Guidance modelbeoordeling voor Nederland

07-11-2017 10:40
Guidance modelbeoordeling voor Nederland, de Nederlandse kustwateren en
de Noordzee, gebaseerd op de HIRLAM run van 06 UTC en de overige
genoemde modellen en gidsen met bijbehorende runtijd.

Geldig tot woensdag 08 november 2017 24.00 locale tijd

Opgesteld op dinsdag 07 november 2017 om 10.35 uur

MODELLENBEOORDELING.
SYNOPTISCHE SITUATIE:
Het aandachtsgebied bevindt zich in een zadelgebied. Een complex
lagedrukgebied in de gebieden nabij IJsland en Groenland verplaatst zich
geleidelijk naar de Noorse Zee. Bijbehorend koufront ligt boven de
Britse Eilanden en beweegt oostwaarts. Boven het westen van de FIR vindt
frontolyse plaats, doordat in de hoogtetrog waar het koufront ingebed
ligt, een aparte kern van lagedruk afsnoert die vervolgens zuidwaarts
beweegt. Een tweede frontaal systeem trekt eveneens oostwaarts vanaf de
Atlantische Oceaan. Het warmtefront hiervan ligt donderdagochtend boven
het westen van de FIR. Een derde front bevindt zich ten zuidoosten van
ons land en is door het hogedrukgebied waar het in ligt zwak, maar ten
zuidoosten ervan zijn de dauwpunten iets hoger.
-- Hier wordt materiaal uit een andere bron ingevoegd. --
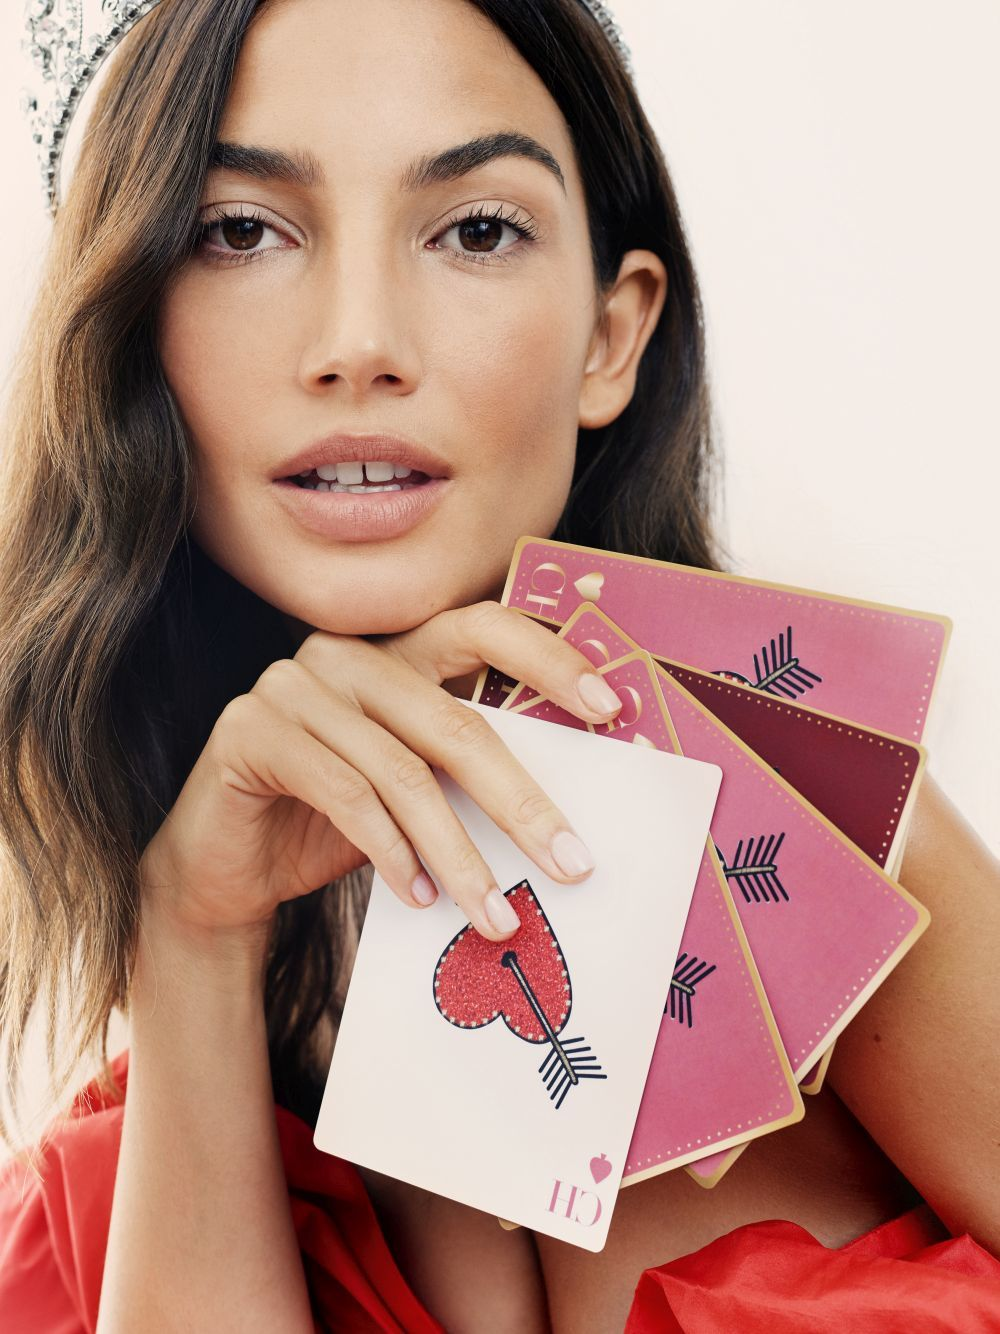 Lily Aldridge en la campaña de la nueva fragancia de la que es imagen: CH Queen.
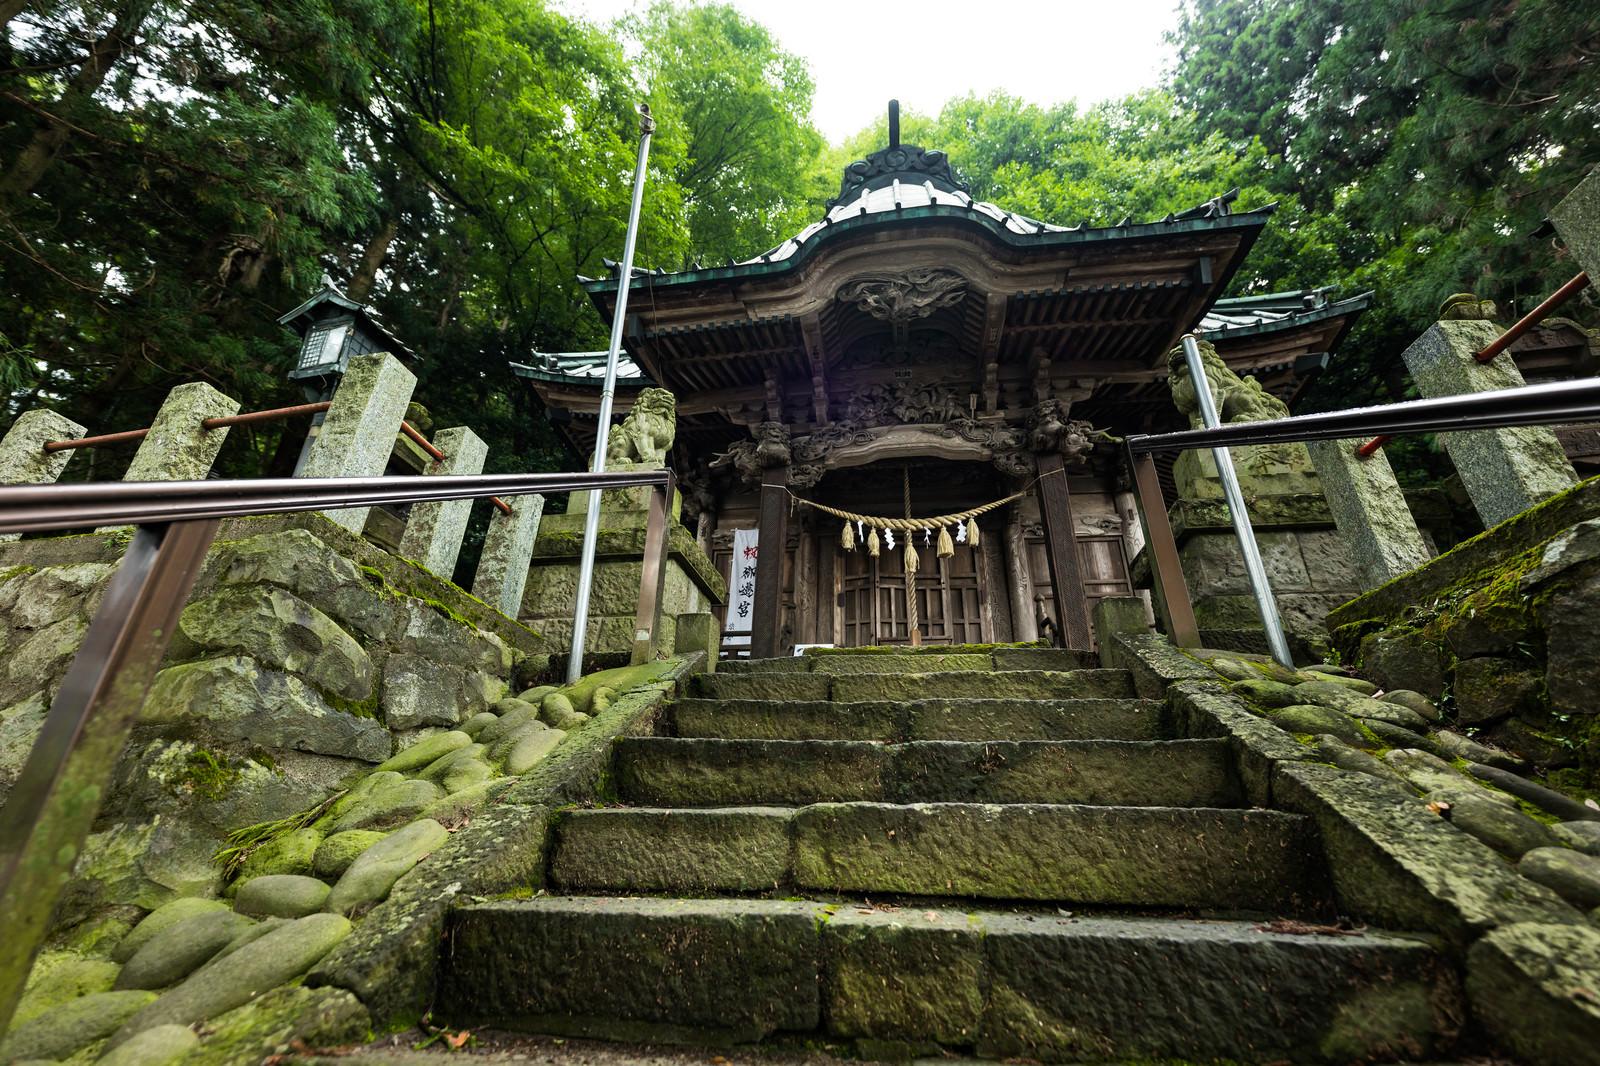 「群馬県の長野原町にある王城山にある「王城山神社」」の写真

Dit front komt van het
zuidoosten uit dichterbij en loopt morgen op het eerste koufront in.

MODELBEOORDELING:
In de oostelijke provincies komt op een aantal plaatsen mist voor. Deels
is deze eerder ontstaan in de nacht, maar een ander deel wordt van
Duitsland uit aangevoerd. De modellen geven allen een signaal, maar de
ruimtelijke verdeling van de mist is groter. Hierdoor zijn vooral
Harmonie en Hirlam te koud om 10 UTC. De evolutie die berekend wordt kan
niet 1-op-1 overgenomen worden.

AANDACHTSPUNTEN.
WIND:
Boven het noordwesten van de FIR 6 Bft, maar die gaat de komende periode
alleen maar afnemen. Noorden van de Noordzee eerst nog 7 Bft, dan
tijdelijk afnemend. In de loop van woensdagavond daar 8 Bft.

BEWOLKING:
Nabij het eerste koufront Sc, mogelijk lokaal St. Van Duitsland uit ook
kans op St door optrekkende mist. Later wordt de kans daarop alleen maar
groter als het zwakke front van het zuidoosten uit het land binnenkomt,
tezamen met vochtigere luchtmassa's. Ergens tussen deze twee fronten in
zullen opklaringen aanwezig zijn en de kans hierop is komende nacht het
grootst in het westen van het land. Bij het warmtefront is Sc/As
aanwezig, al suggereert Hirlam voor het concessiegebied van de FIR ook
lokaal St.

NEERSLAG:
Nabij het koufront van van tijd tot tijd regen. Veel lijkt dit niet voor
te stellen. In de progtemps boven zee zijn voortdurend drogere lagen
aanwezig waarin de neerslag verdampt tijdens het vallen. Alleen in het
uiterste noordwesten (EHDV) en westen zien de profielen er vochtig
genoeg uit in een voldoende diepe (stabiele) laag om regen te kunnen
produceren. Het warmtefront van het zuidoosten uit levert niet alleen
een duidelijke toename van stabiel gelaagde bewolking, de bewolking zou
zelfs dik genoeg kunnen zijn om regen te produceren. Dat doen de
modellen dan ook, met name in de zuidelijke helft van het land.
Opglijding zorgt ervoor dat door turbulente menging nabij het frontvlak
de neerslag kan activeren. Nabij het laatstgenoemde warmtefront kan
eveneens regen vallen, maar die valt uit een relatief hoge basis
waardoor de hoeveelheden niet groot zullen zijn.

ZICHT:
In het oosten van het land mist, lokaal dicht. De zichten lopen hier
slechts heel langzaam op. Tussen het koufront uit het westen en het
zwakke front vanuit het zuidoosten zullen komende nacht opklaringen
aanwezig zijn waarin opnieuw mistbanken tot ontwikkeling komen. De meest
waarschijnlijke locatie hiervan is het westen. De sterkste signalen
hiervoor zien we ook terug in de modellen en het EPS.

TEMPERATUUR:
Modellen veelal te koud door bewolking/mist die er niet zit. Komende
nacht laagste Tn in het zuidwesten en westen, vanwege opklaringen. Dan
wederom temperaturen net onder het vriespunt.